Exercise goal: Your job is to retype all of the data word for word, leaving every image out.

Data segment:
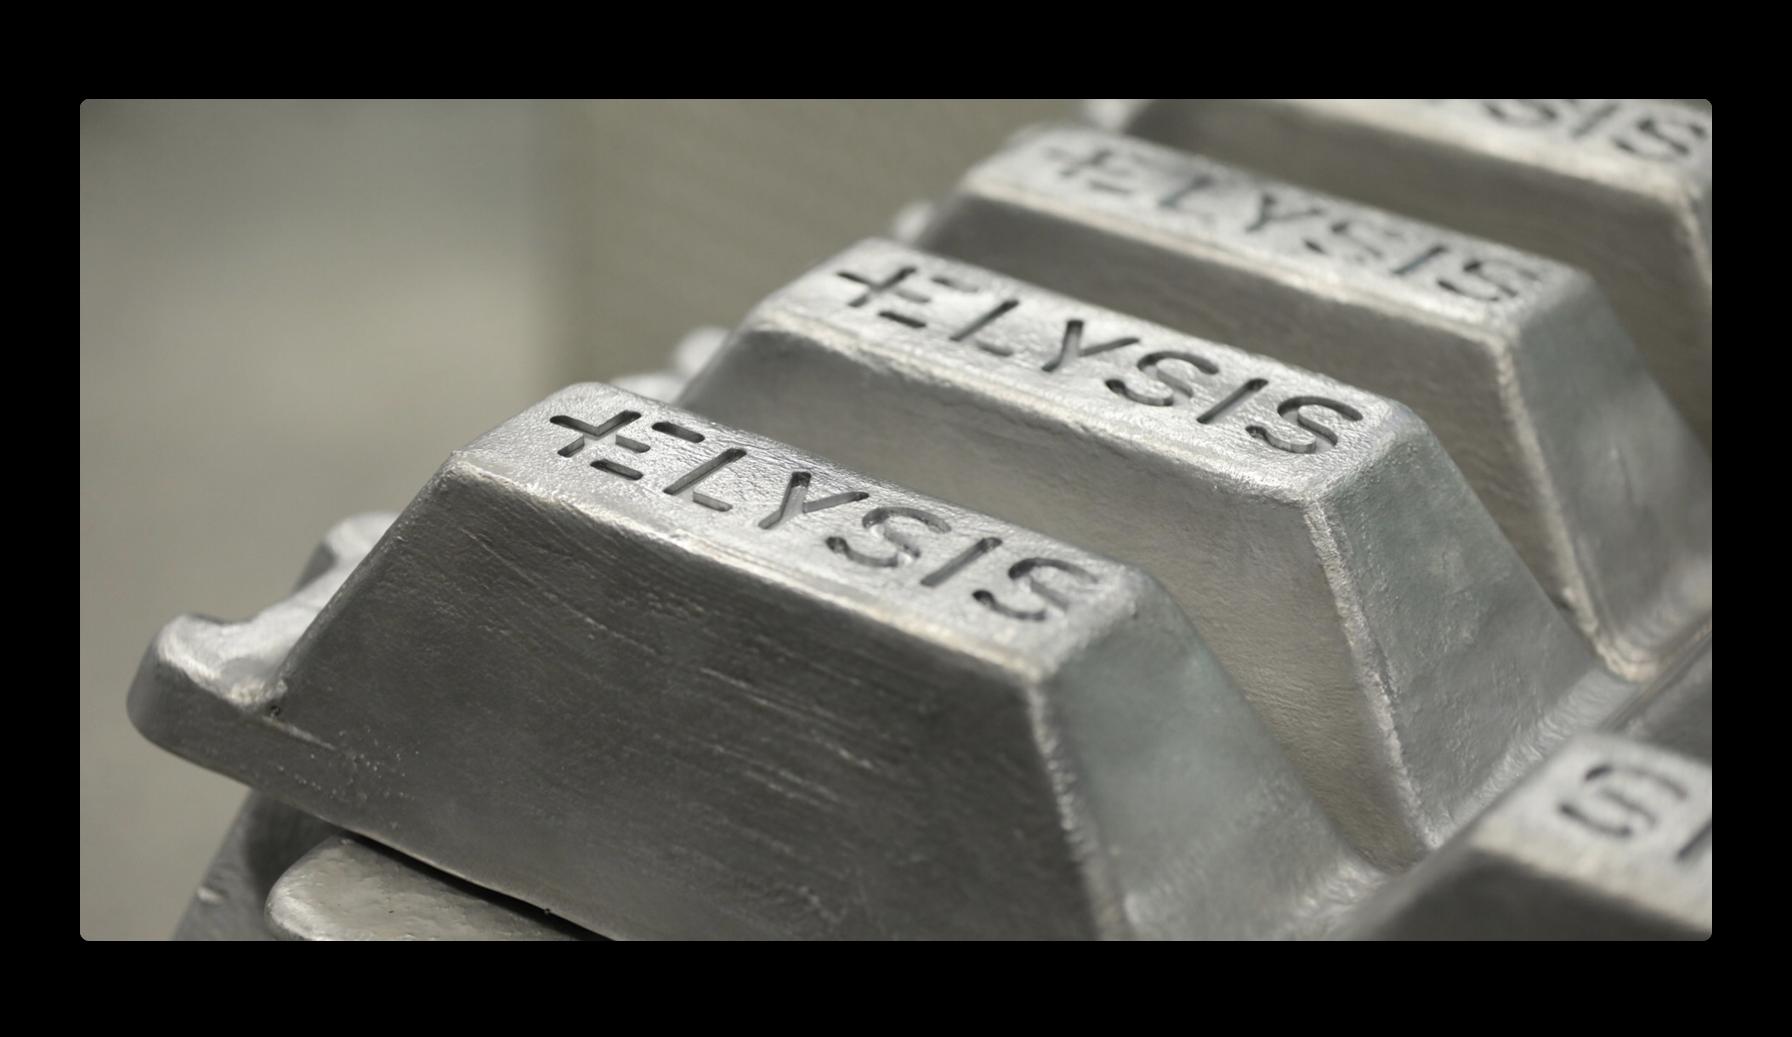 Apple、先進のカーボンフリー アルミニウム精練法の実現に 道を開く
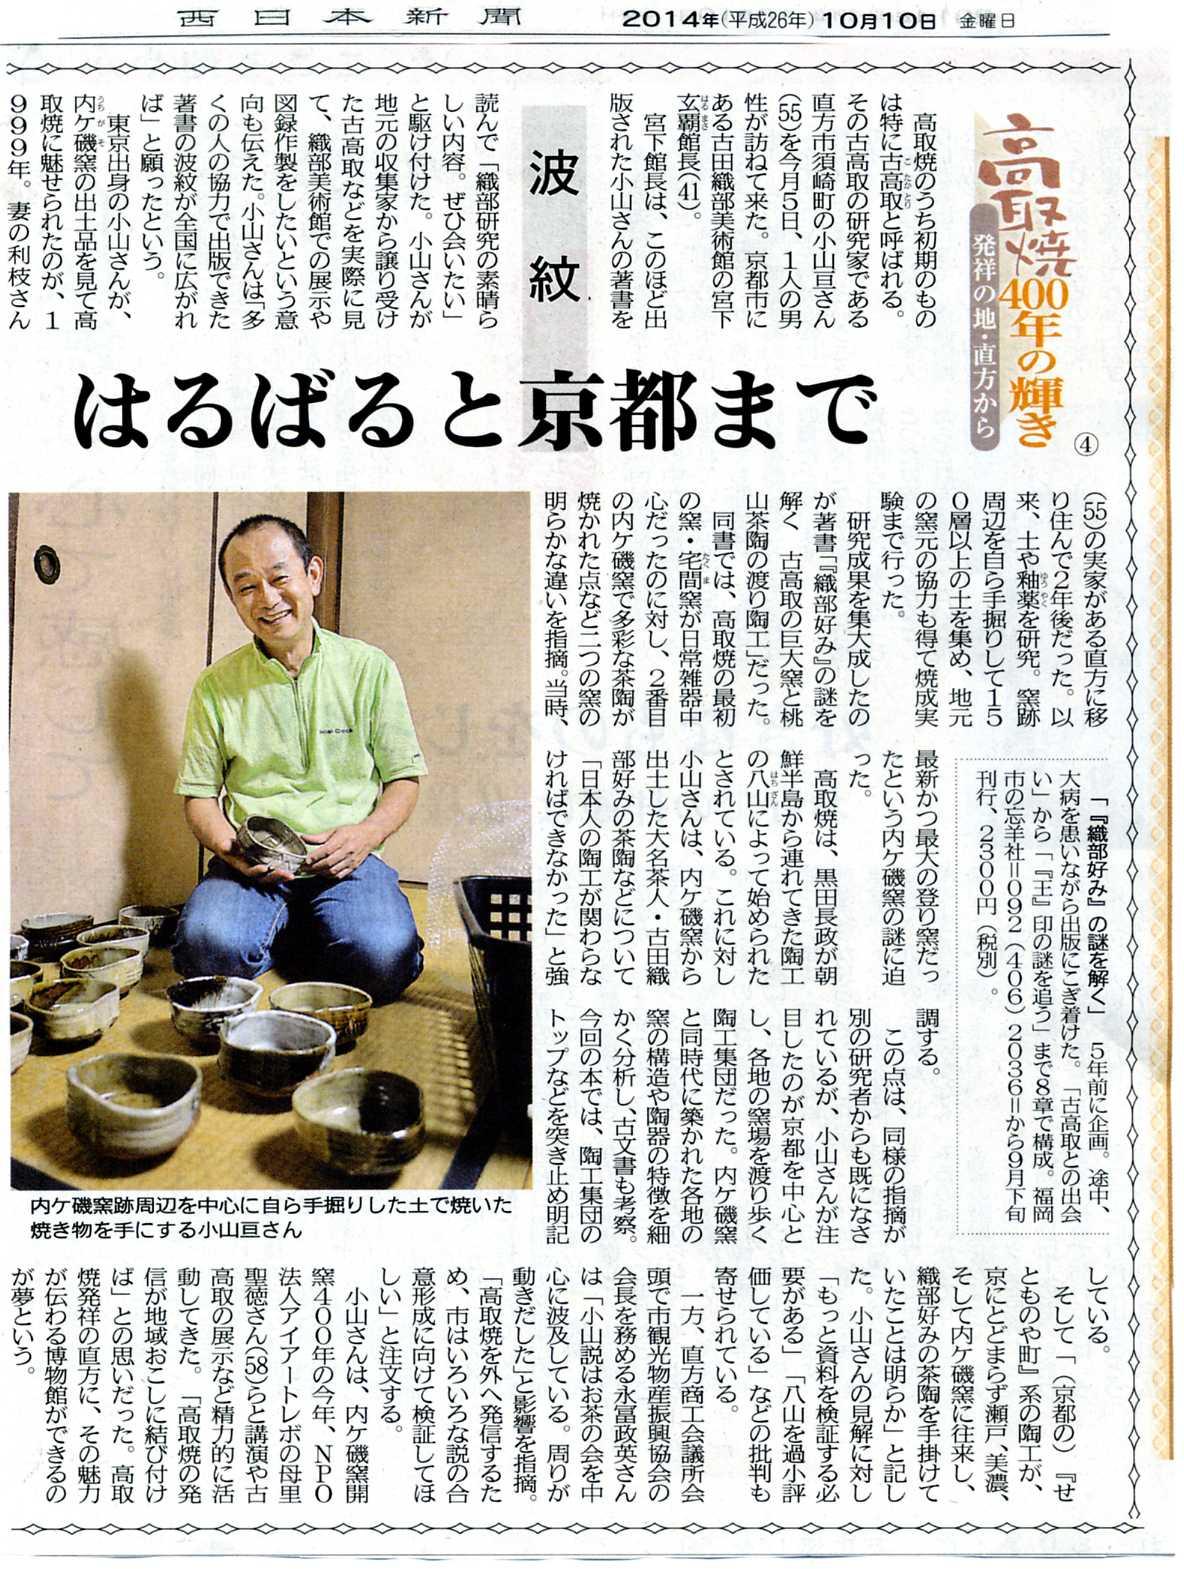 04-nishinippon-takatori2014.10.10
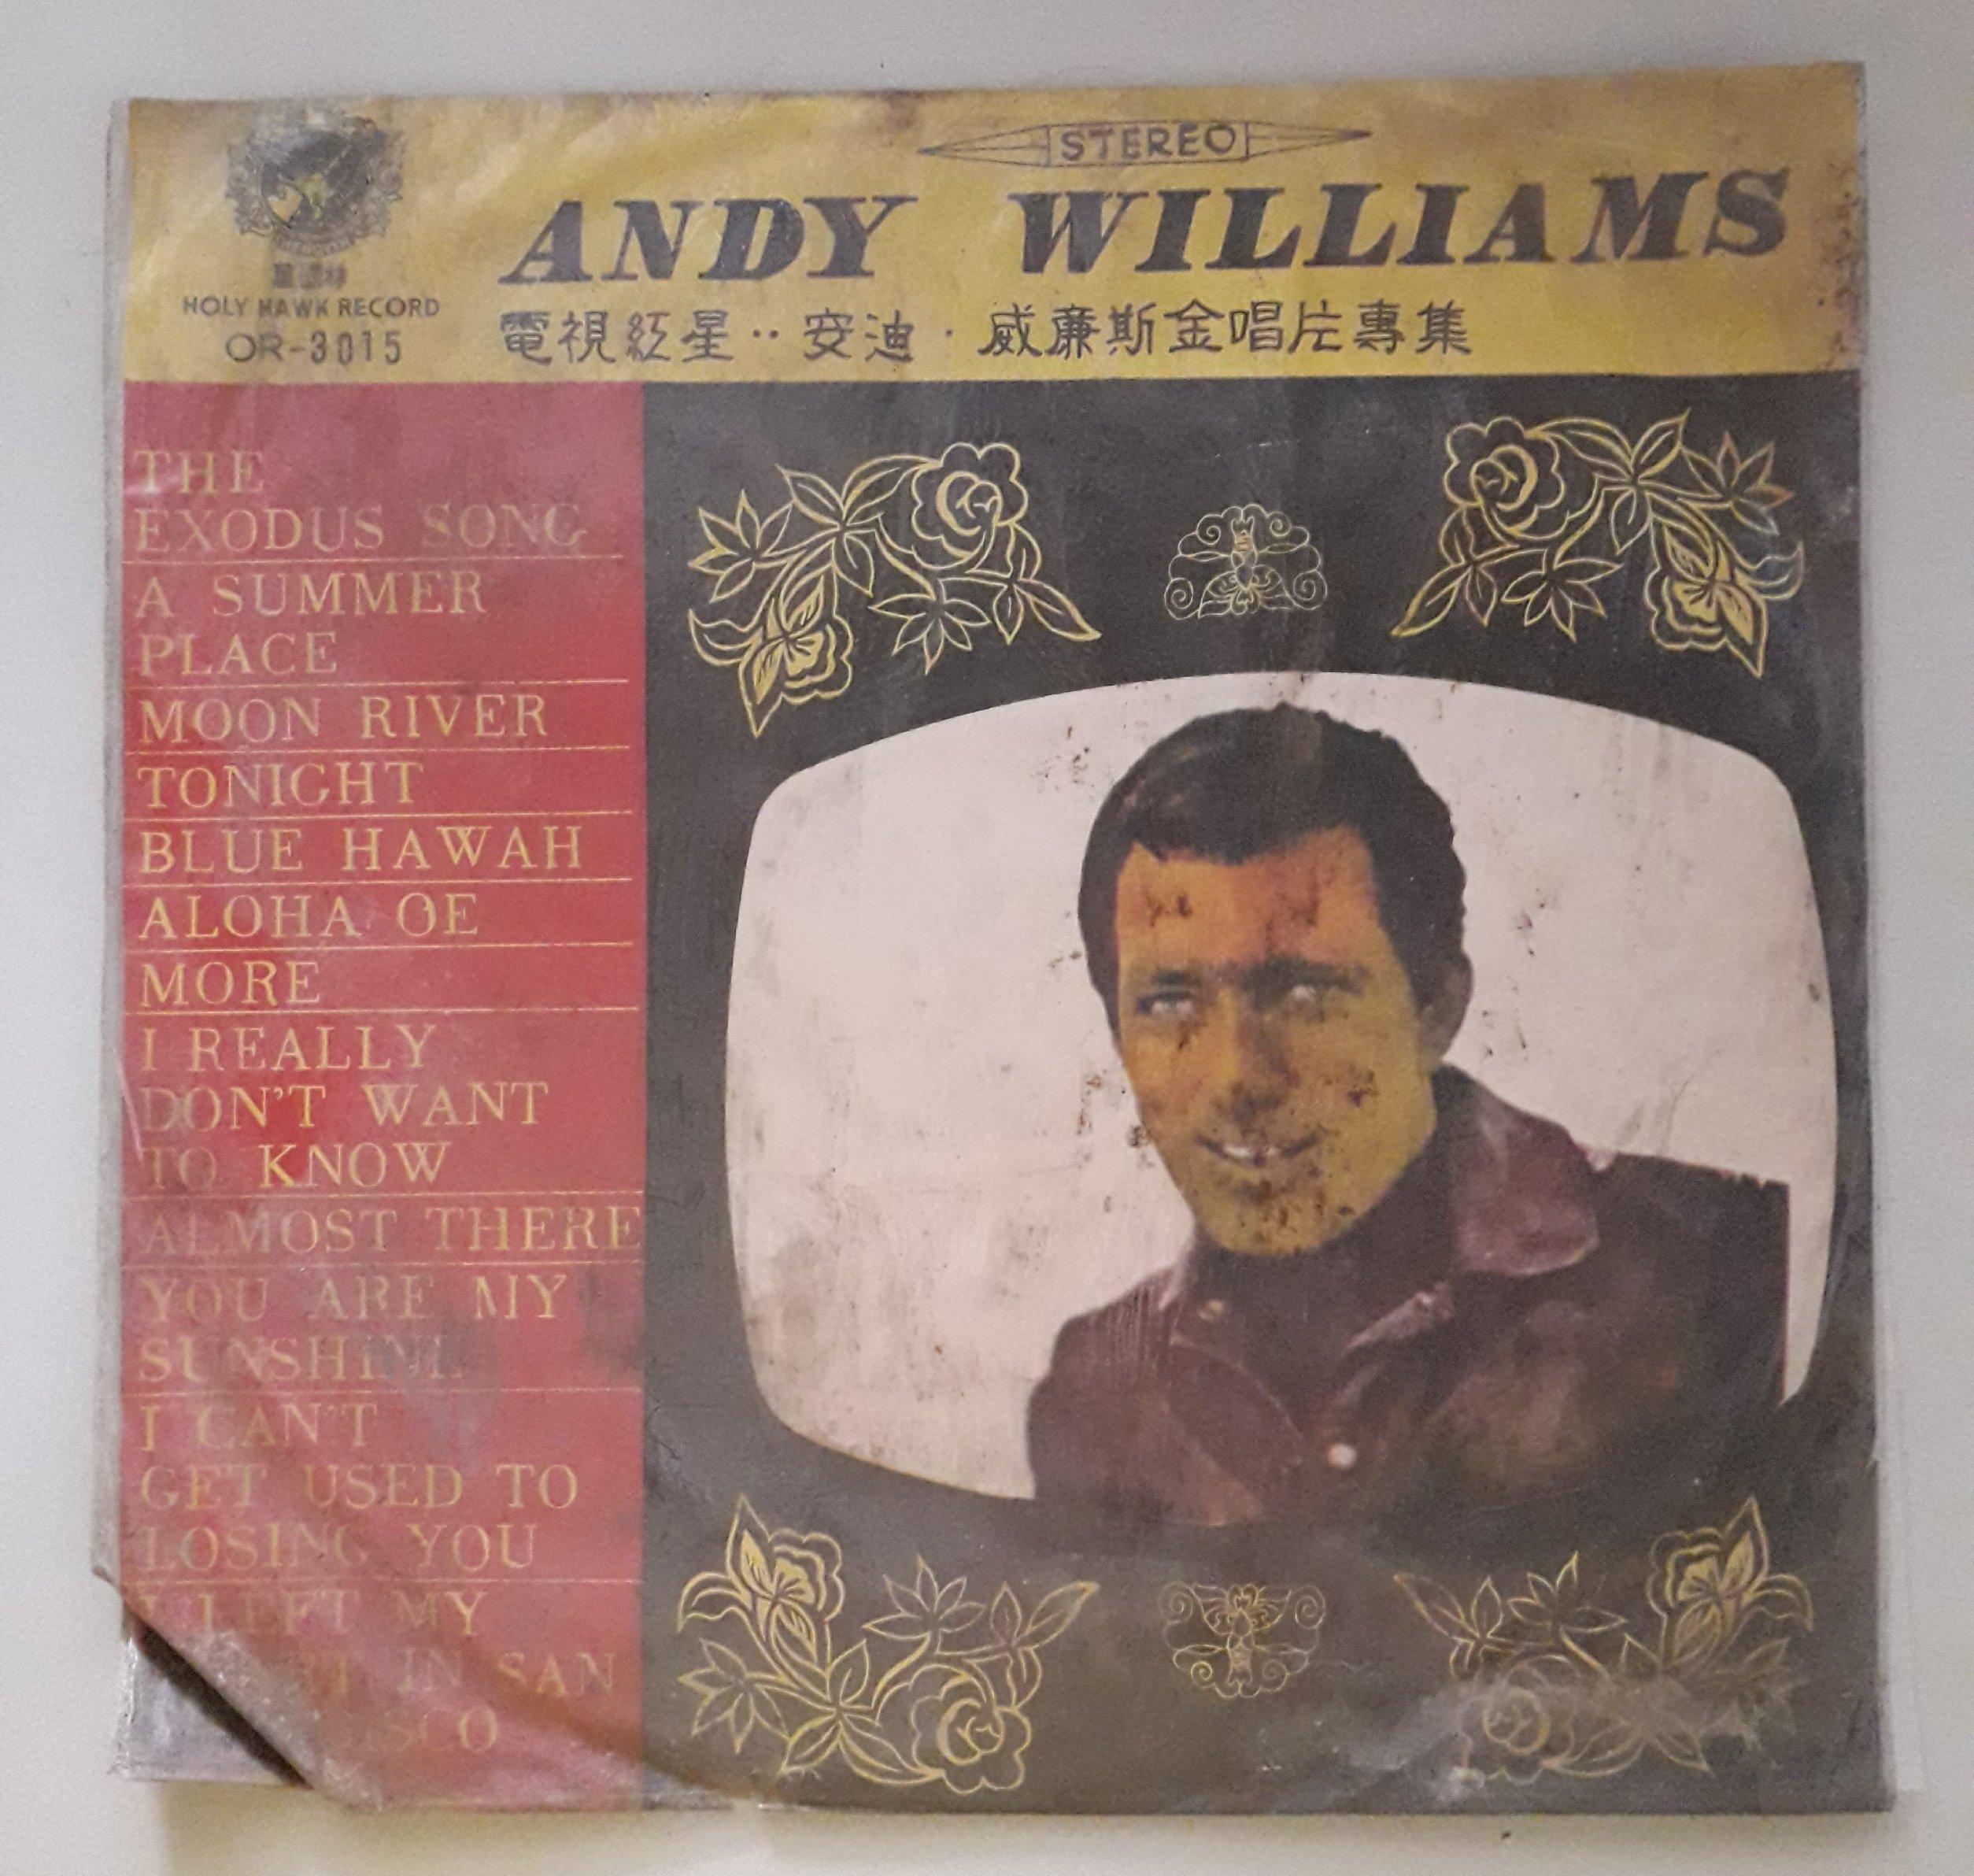 【黑潮】 西洋/電視紅星/安迪.威廉斯金唱片專集...民國58年3月出版

Response area:
 Apple、先進のカーボンフリー アルミニウム精練法の実現に 道を開く
 04-nishinippon-takatori2014.10.10
 【黑潮】 西洋/電視紅星/安迪.威廉斯金唱片專集...民國58年3月出版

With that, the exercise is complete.